Biomass recalcitrance, the inherent resistance of plants towards deconstruction, negatively affects the viability of biorefineries. This trait is not only dictated by the properties of the biomass but also by the conversion system used and its interactions with specific features of the biomass. Here, biomass recalcitrance to anaerobic digestion (AD) was assessed using a biomethanation potential (BMP) assay. Plant material (n = 94) was selected from a large population of natural Salix viminalis accessions, previously evaluated for biomass recalcitrance using hydrothermal pretreatment–enzymatic hydrolysis. Correlations between yields from the two biological conversion systems were evaluated, as well as the influence of biomass compositional features, analyzed by pyrolysis-molecular beam mass spectrometry (py-MBMS), and other biomass physical properties on conversion performance.
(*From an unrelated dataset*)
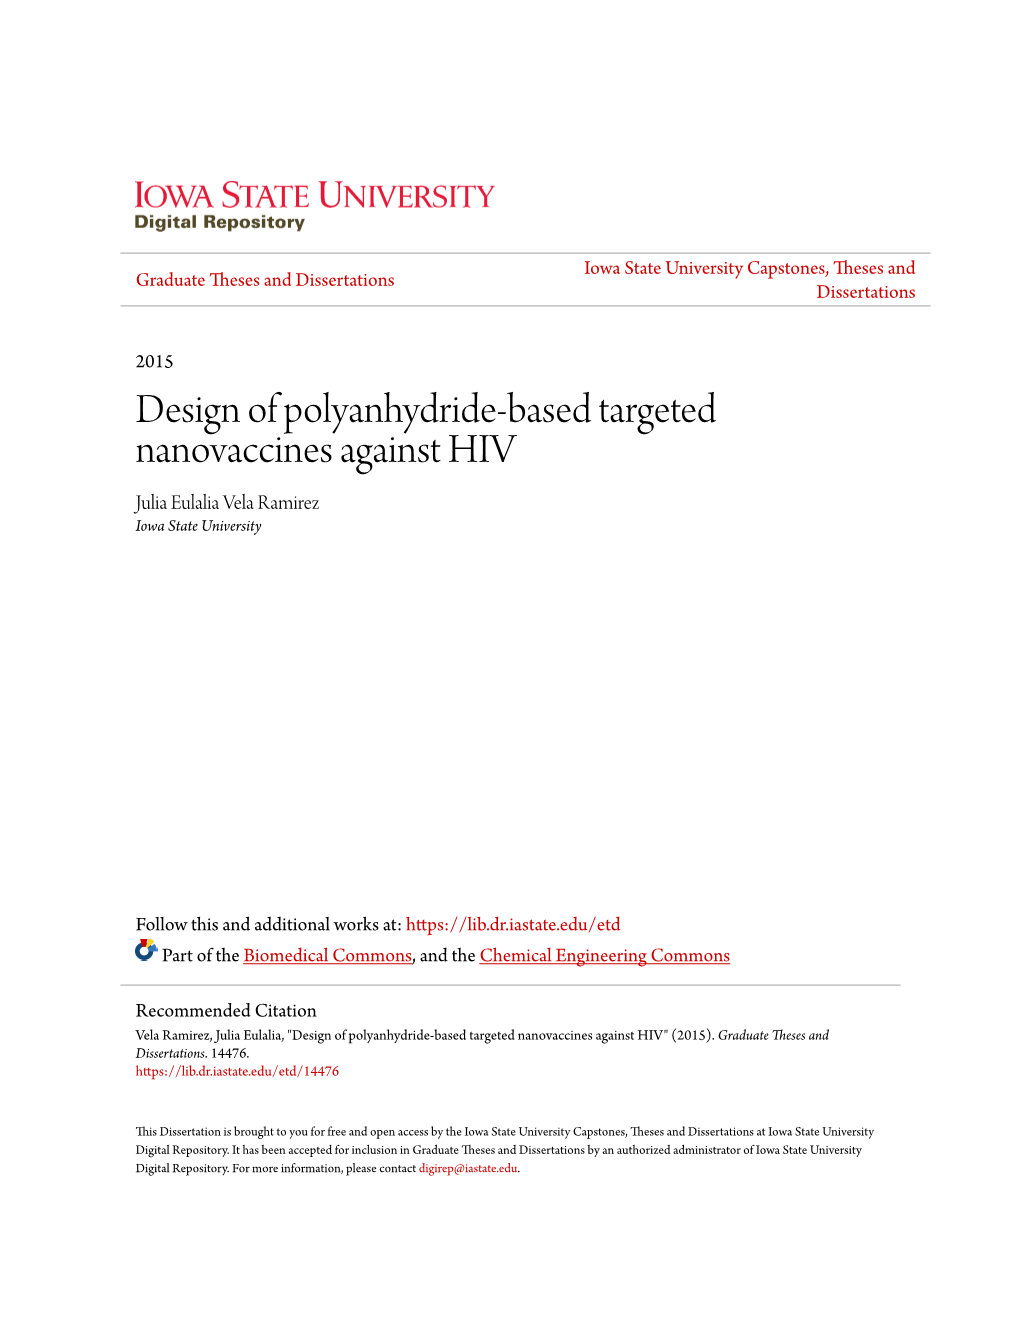 Design of Polyanhydride-Based Targeted Nanovaccines Against HIV Julia Eulalia Vela Ramirez Iowa State University

BMP values averaged 198.0 Nml CH4/g biomass after 94 days, ranging from 28.6 to 245.9. S lignin and carbohydrate-derived spectral features were positively correlated with performance under both systems, whereas G lignin, p-coumaric acid, and ferulic acid-derived ions were negatively correlated with yields and rates. Most spectral features were more strongly correlated with enzymatic hydrolysis yields compared to methane production. For early-stage methane production and rate, recalcitrance factors were similar compared to enzymatic hydrolysis, with weaker correlations observed at later timepoints. The results suggest that although variation in methane potential was considerably lower than enzymatic hydrolysis yields, a reduced recalcitrance under this system will still be of importance to improve early conversion rates. Spectral features of low methane-producing samples indicate the presence of inhibitory substances, warranting further study.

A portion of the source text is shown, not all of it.